→ **GIVEN INFORMATION**:
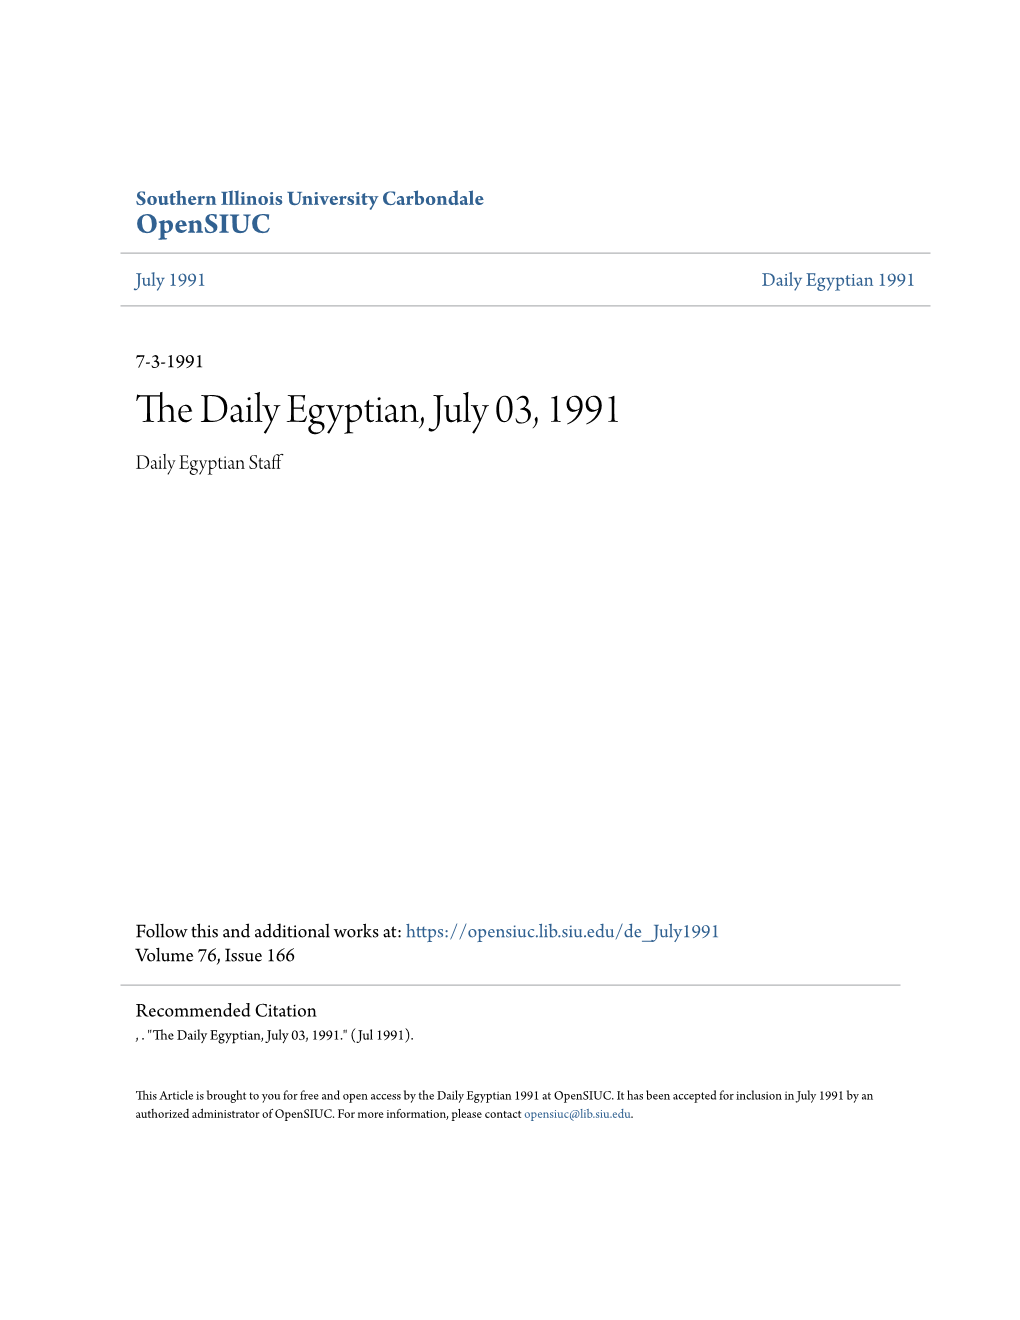 The Daily Egyptian, July 03, 1991
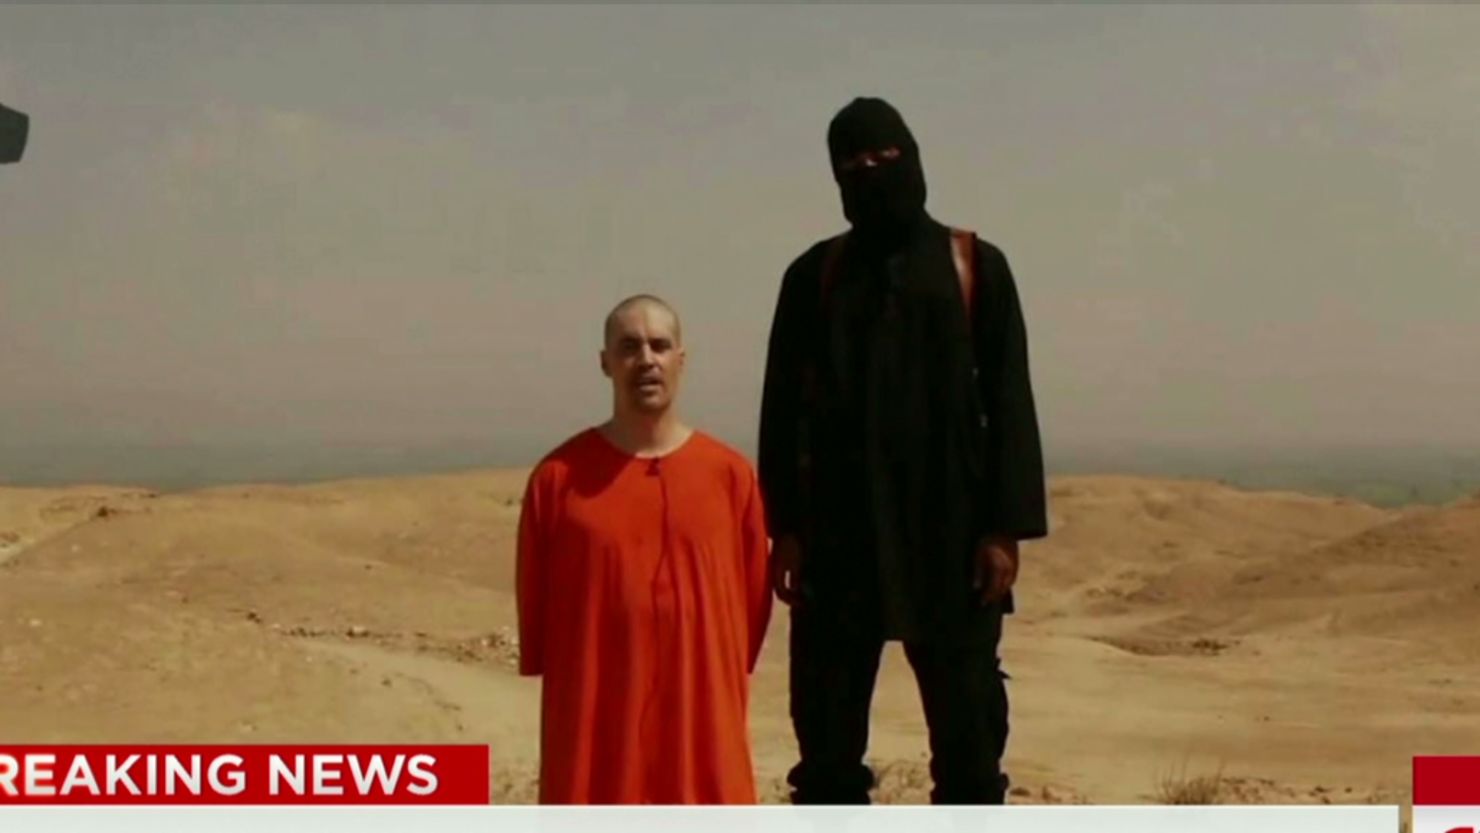 Labeled as a "Message to America," the video of U.S. journalist James Foley's execution has caused shockwaves in the West.
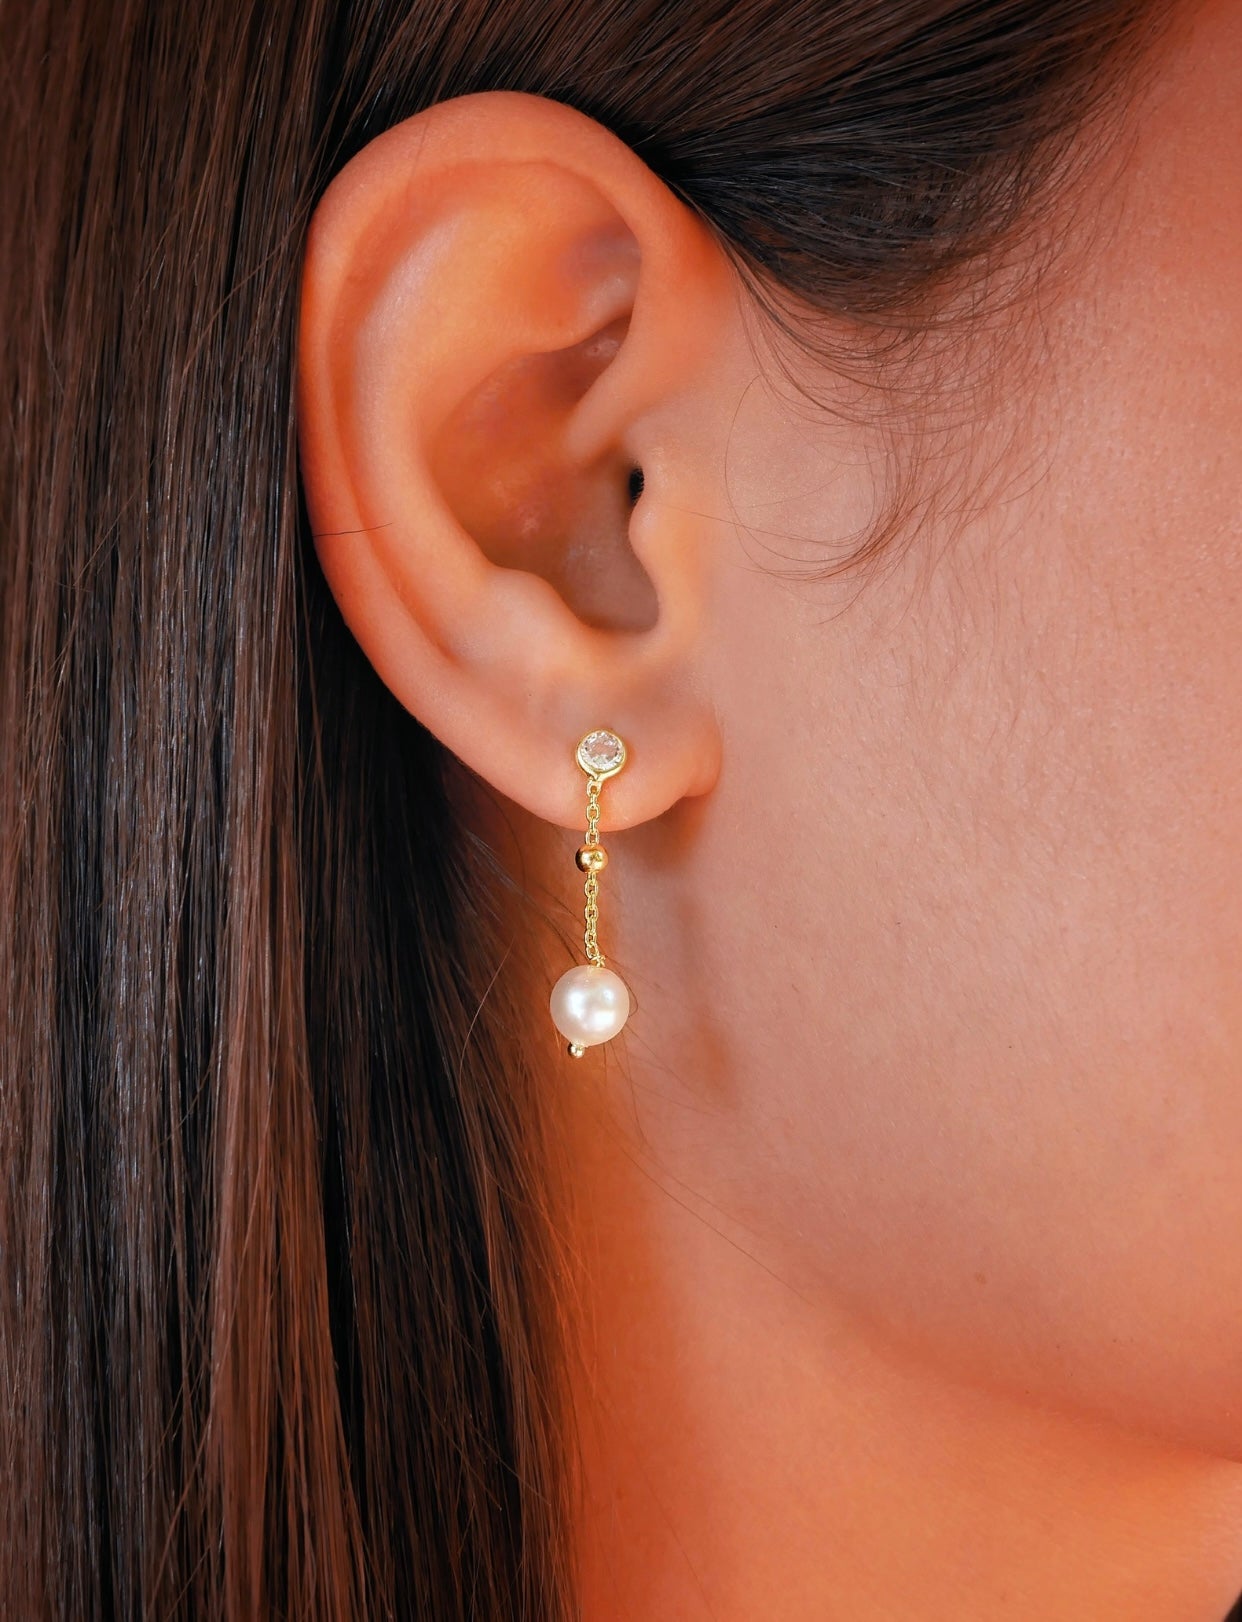 PEARL Classic Earrings with Swarovski Elements

→ **EXERCISE OBJECTIVE**: Every line of the data is to be transcribed exactly, and no picture is to be included.

→ **RESULT**:
 The Daily Egyptian, July 03, 1991
 Labeled as a "Message to America," the video of U.S. journalist James Foley's execution has caused shockwaves in the West.
 PEARL Classic Earrings with Swarovski Elements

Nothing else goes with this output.